# Bertone Freeclimber with BMW M40 Engine - Help with parts



## allanhmalex (Mar 2, 2015)

Hi Guys,

I own a 1994 Bertone FreeClimber II (Produced in Italy) which come factory with a 1.8 BMW M40 engine. I am trying to find he correct replacement spark plug wires, which I noticed has an extra lead coming off the #3 plug wire to the engine timing belt area. Can someone help me with a part number for such plug wires please.


----------



## tim330i (Dec 18, 2001)

Welcome to Bimmerfest! I've moved your question to the general BMW forum, you will get more help in here. Good looking truck!

Tim


----------



## allanhmalex (Mar 2, 2015)

Thanks Tim, looking forward to being on the forum


----------



## u.nanimous (Nov 1, 2014)

Do you know the month of manufacture for the engine?
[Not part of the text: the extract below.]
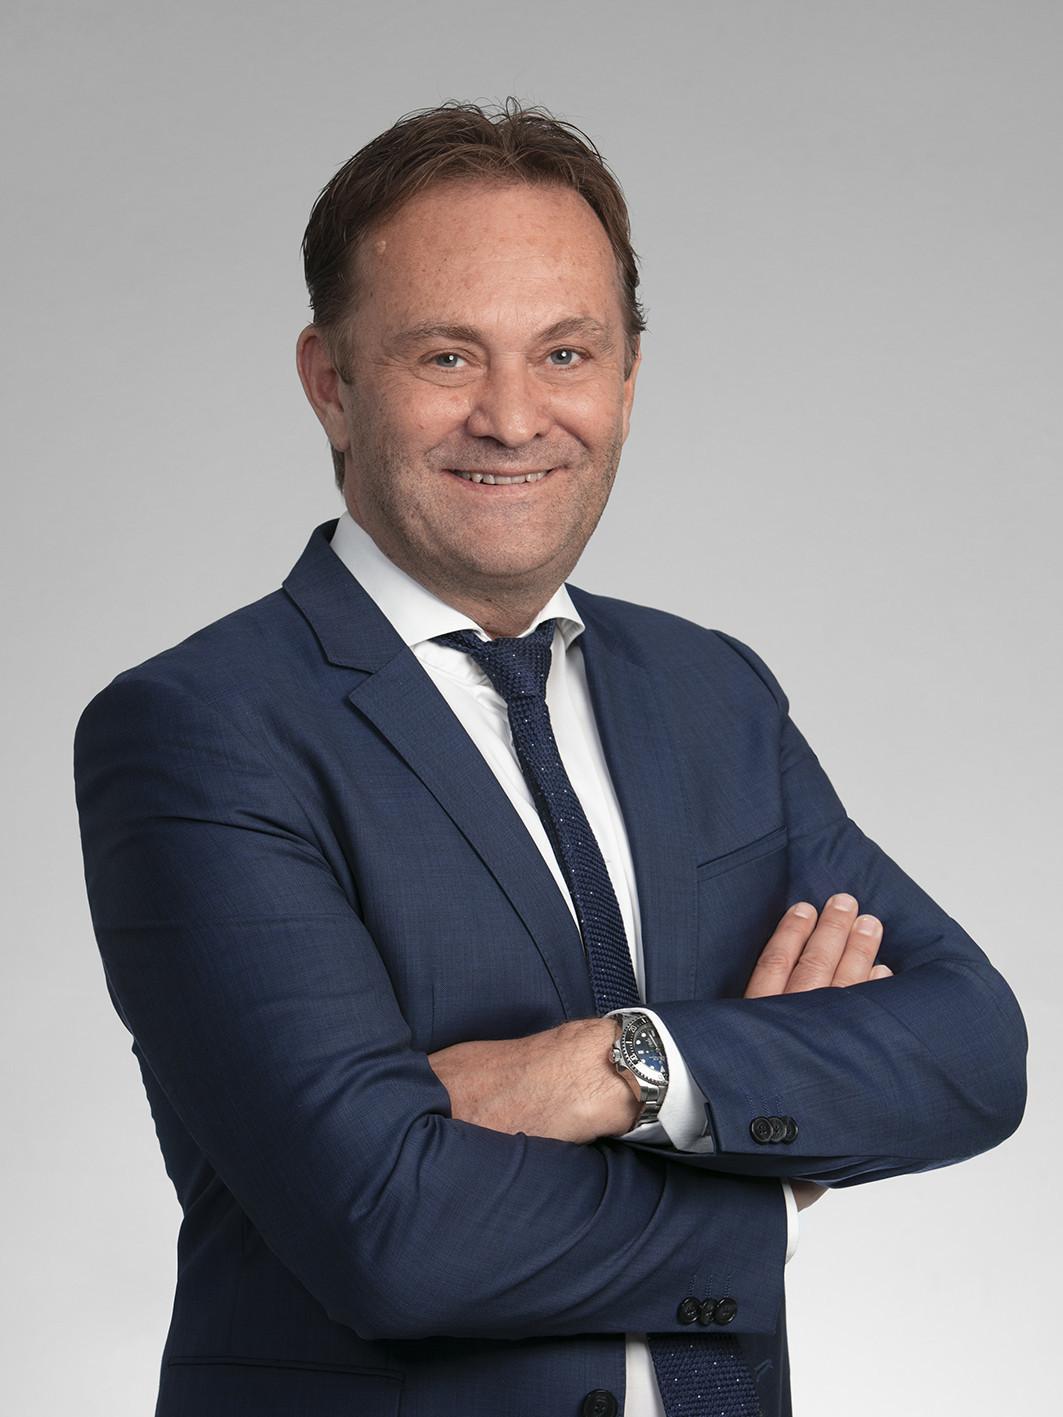 Henrik Bach Nielsen has served as the Danish Ice Hockey Association's President since 2007 ©Henrik Bach Nielsen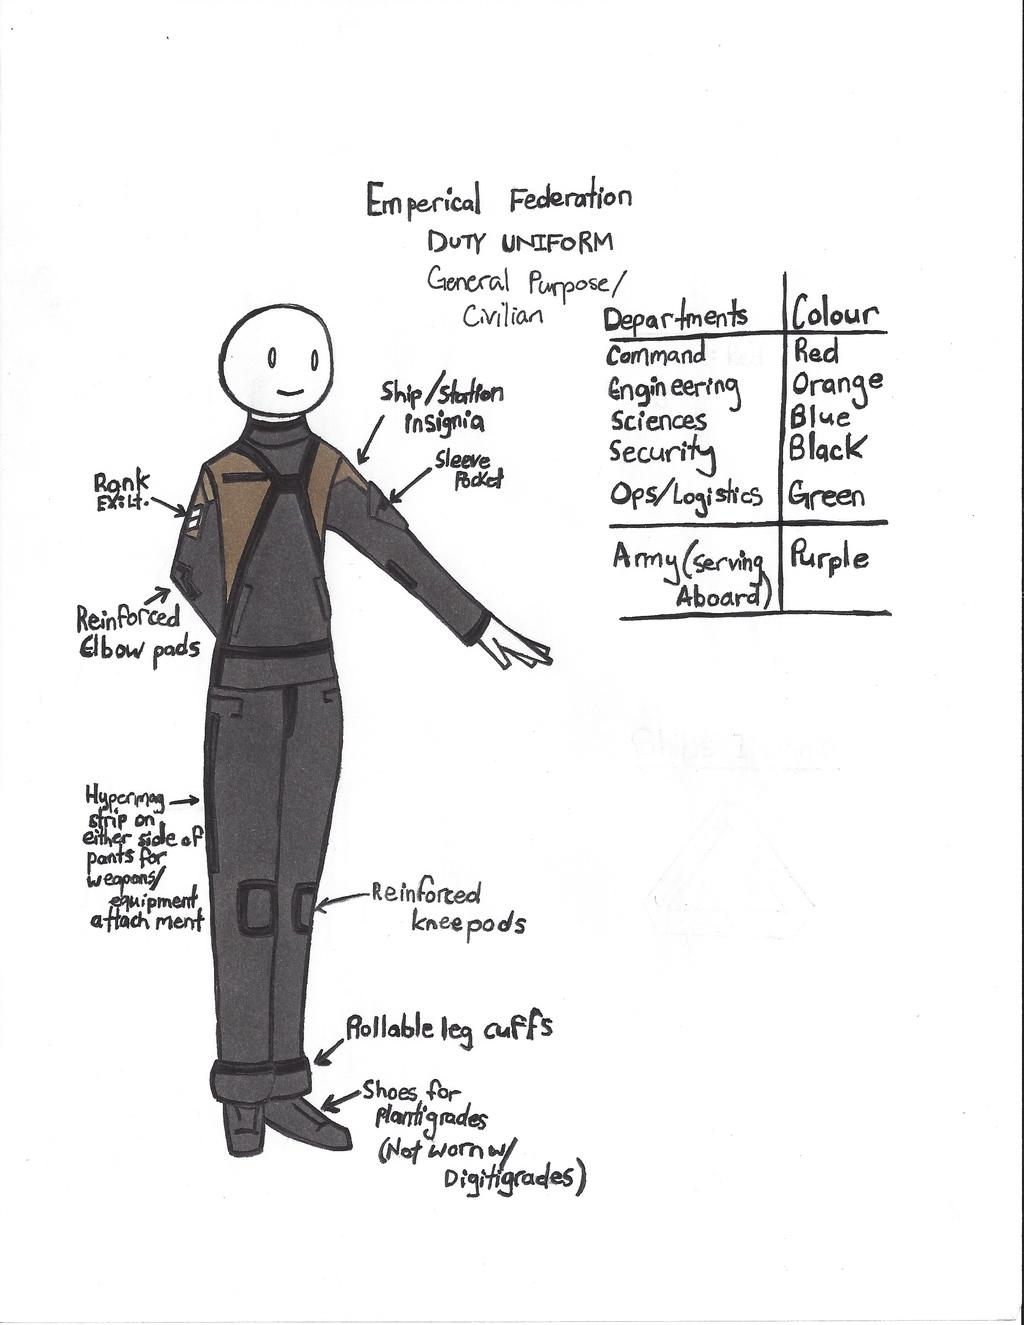 New Empirical Federation Navy Uniform

I would assume the engine is identical to an E36 318i in which case you can go to http://www.realoem.com/bmw/select.do?kind=P&series=E36&body=Lim&model=318i&zone=ECE&arch=0 and enter a date and you will get a list of diagrams to find the part number on.

Or, that is such a simple common part you may be able to contact one of the site sponsors (link near the top right of this web page).


----------